P.G. House Deemed Too Round For a Loan
Photo courtesy of Mae M. Ngai and John G. New
Poor credit, a low annual salary and high levels of debt are all reasons that you might be turned down for a loan.
However, last Saturday, The Washington Post ran an article about a couple who were turned down twice by mortgage lenders for a home in Prince George’s County because of the property’s unusual shape.
From The Post article that was written by potential buyers Mae M. Ngai and John G. New:
Being “unusual” or “unique,” it was deemed “not marketable.” Despite its evident worth and multiple independent appraisals, the lenders said they could not assign a value to the house because there were no comparable properties. And, with no “value,” there was insufficient collateral for a loan.

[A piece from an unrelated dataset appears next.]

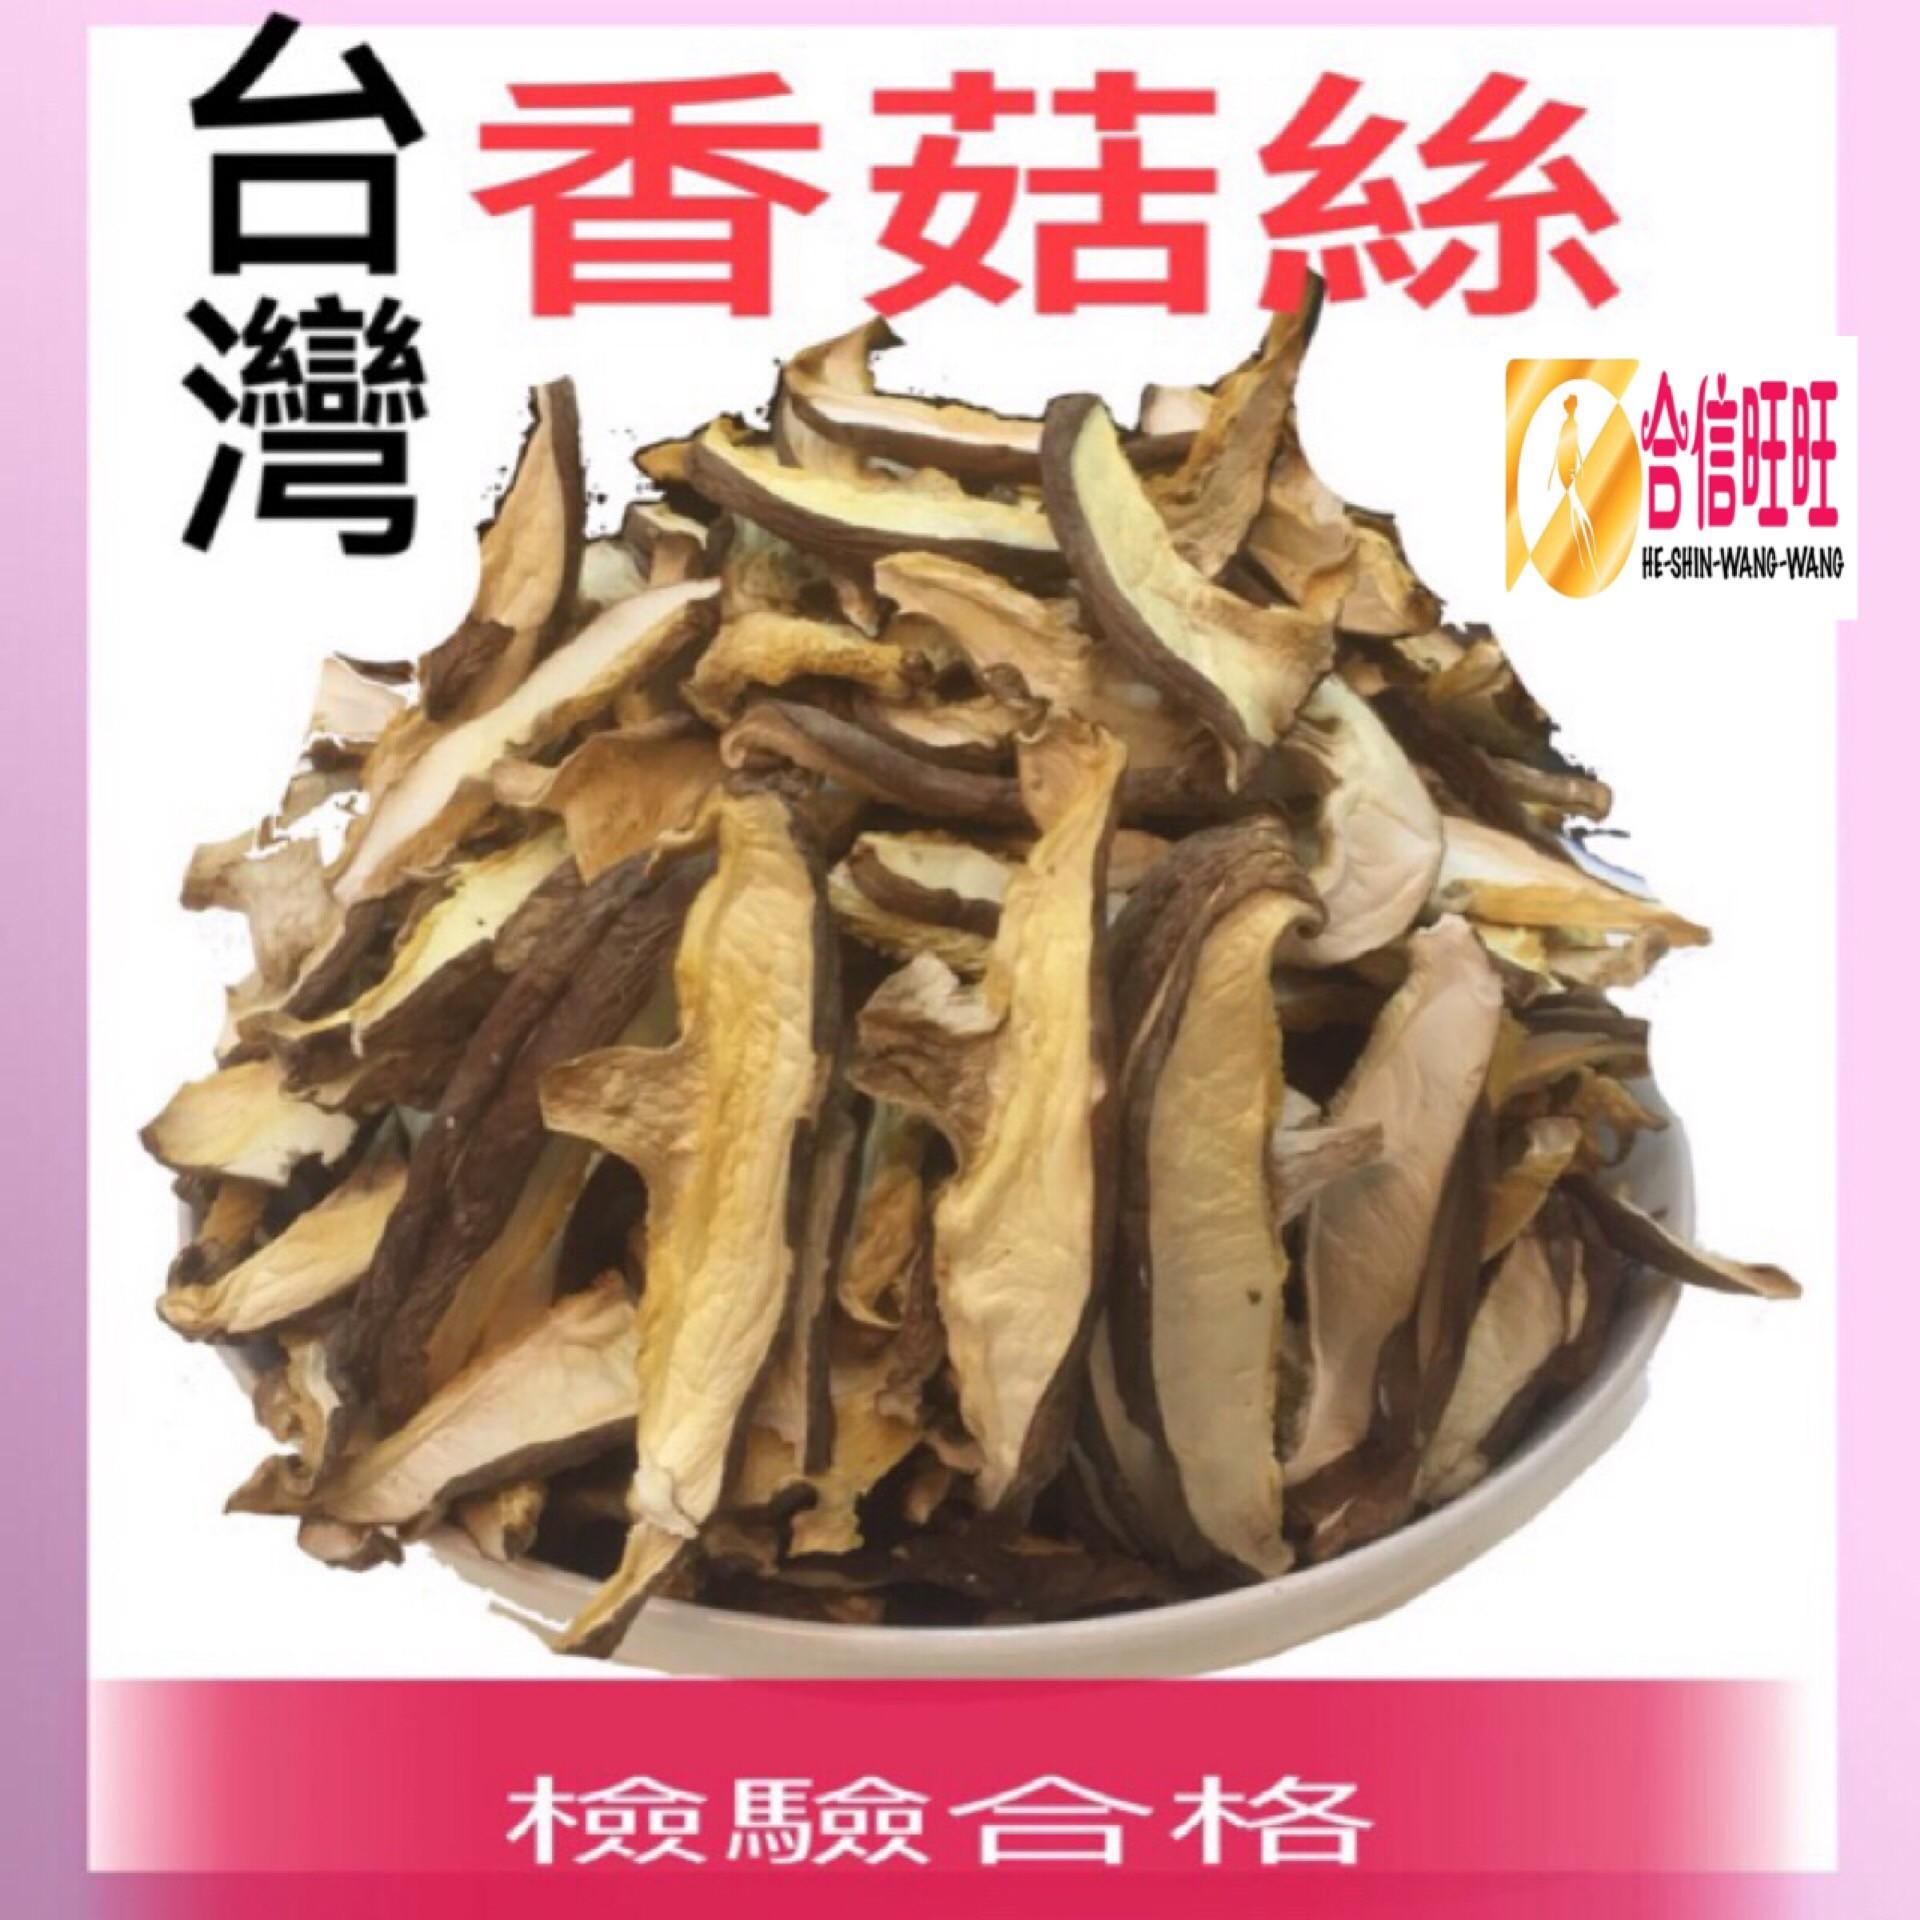 【台灣香菇絲】150克╱肉質鮮嫩. 濃濃菇香味
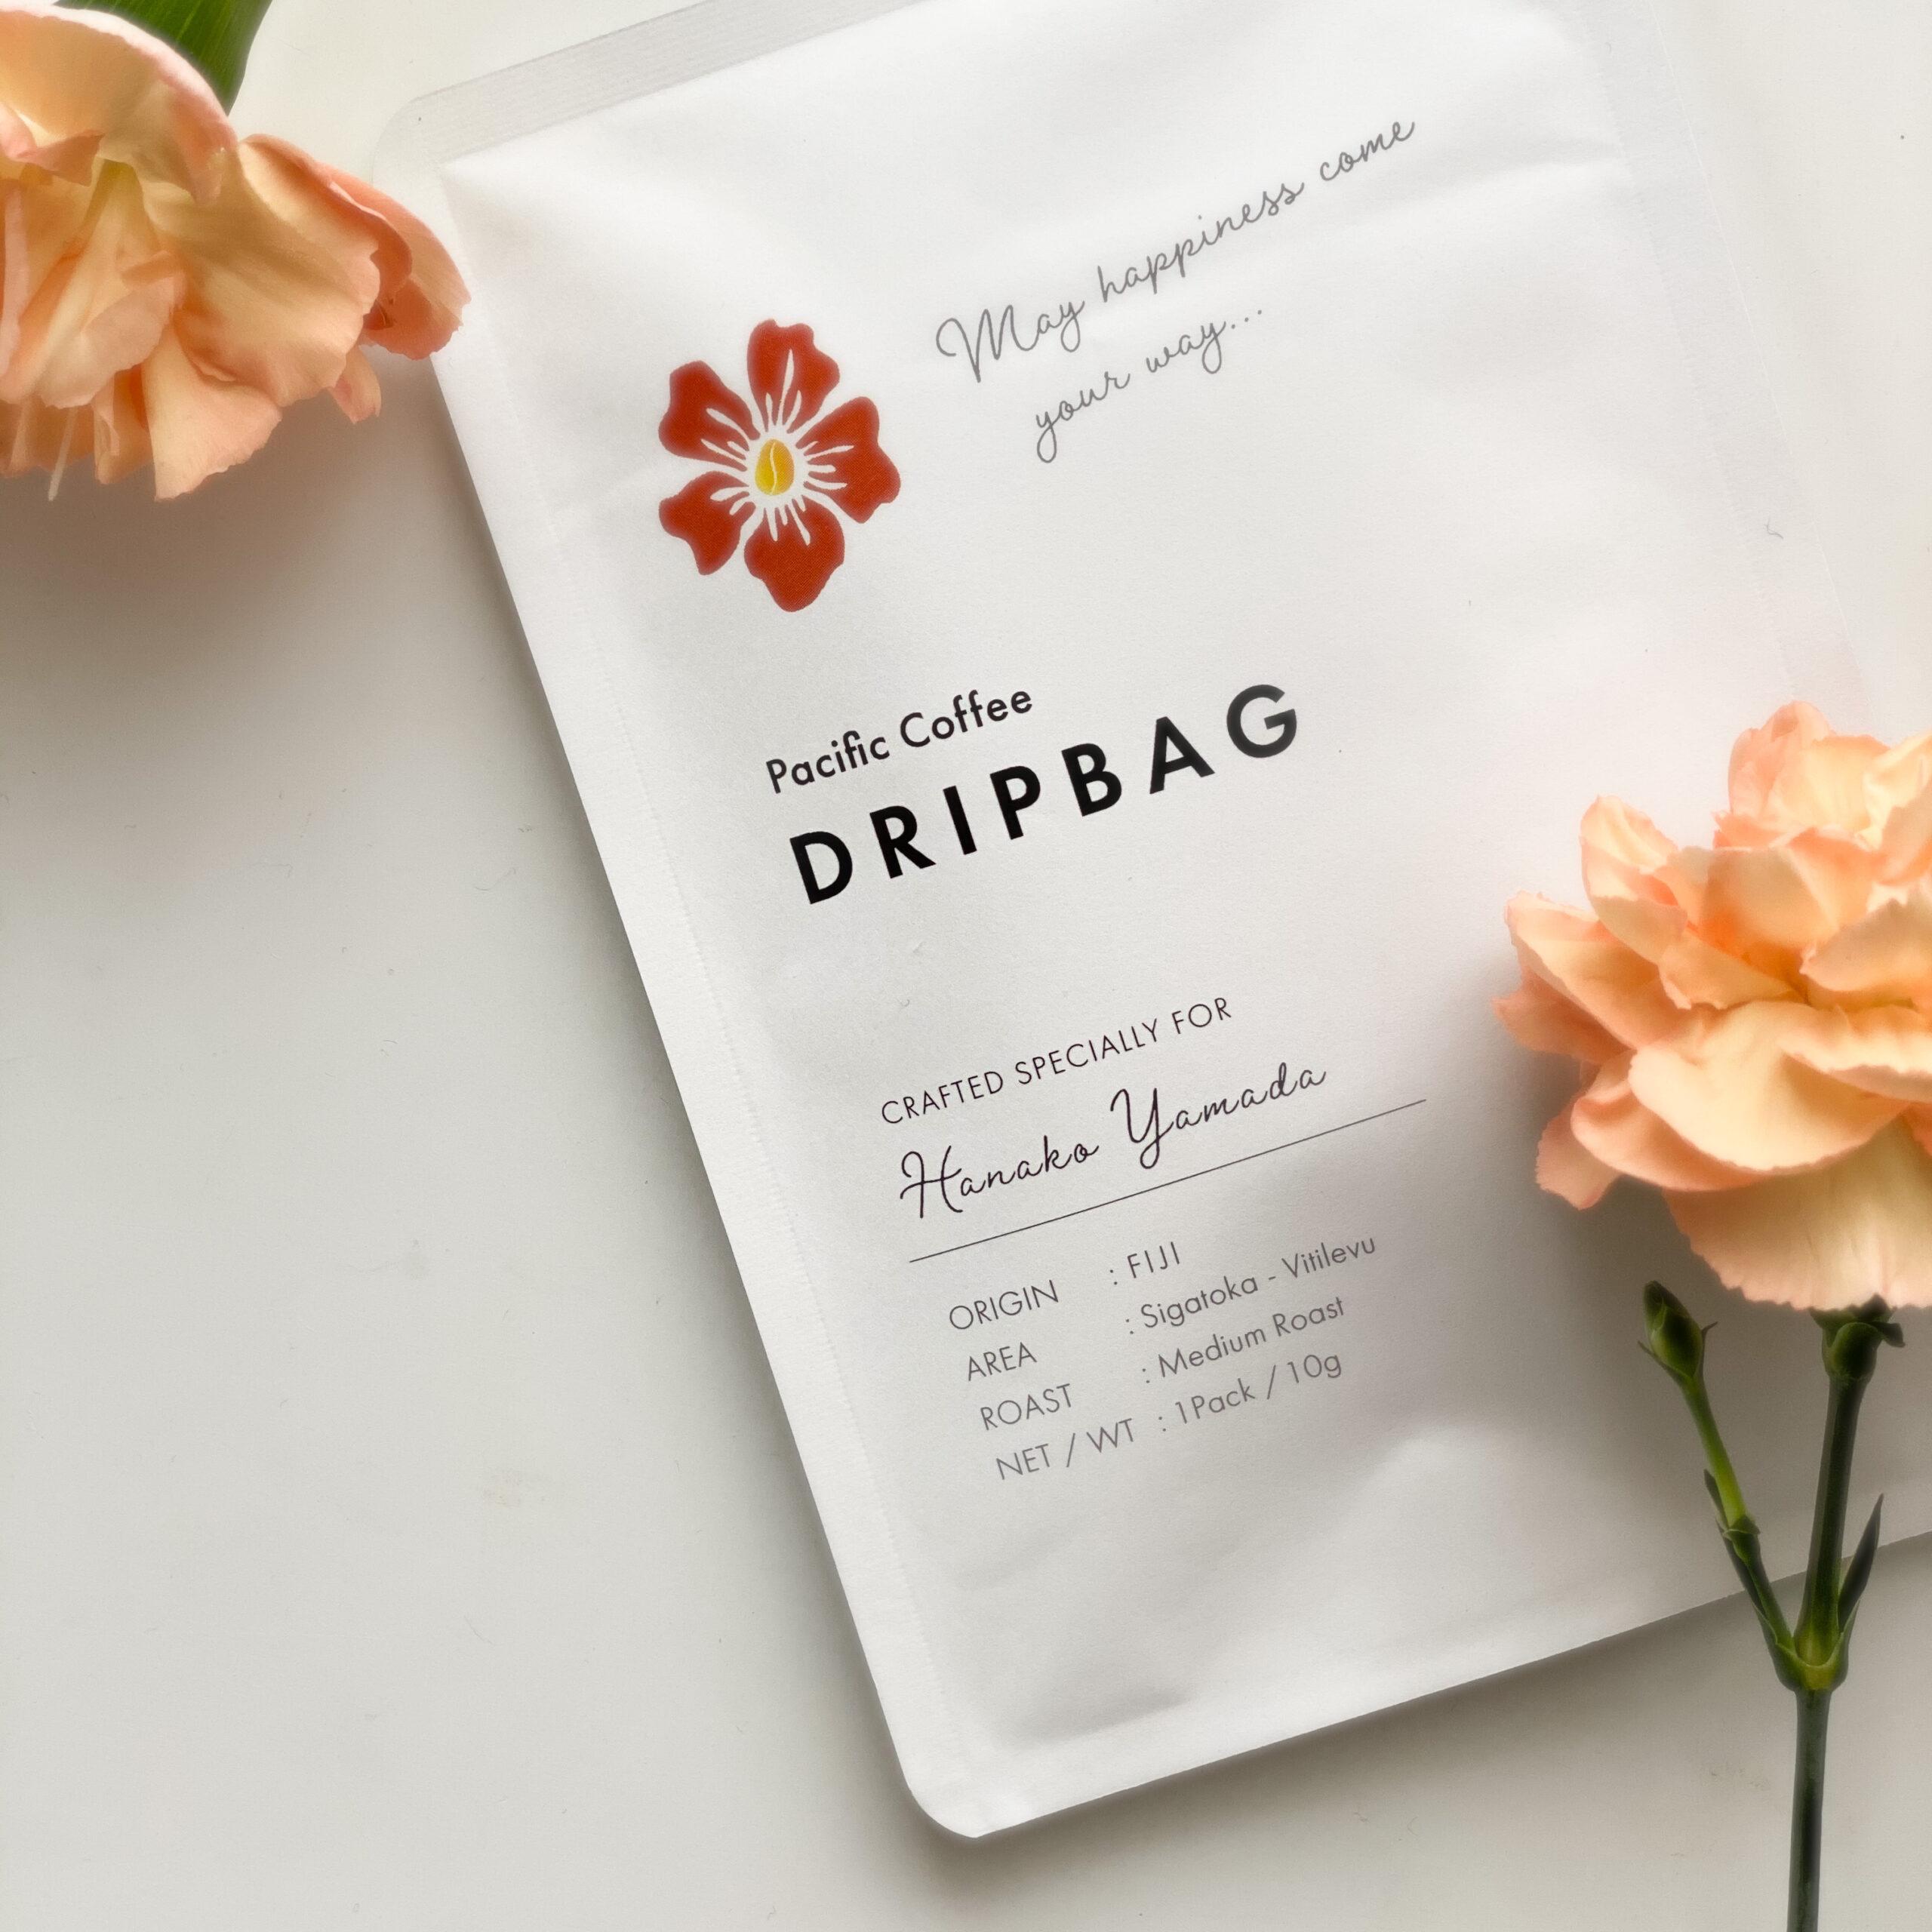 dripbag-name1

UrbanTurf spoke with Prosperity Mortgage’s Tom O’Keefe about how often this seemingly strange situation occurs.
“One of the pieces that lenders look at is the house itself and if it is so unique, sometimes its value can’t be supported with comps,” O’Keefe said. “I have seen it happen, but only very, very rarely.”
The buyers being considered a risk and the fact that there were not suitable comps were not the only issues. The lenders also felt that if the couple defaulted on their payments, it would be difficult to resell the house because of its unique design.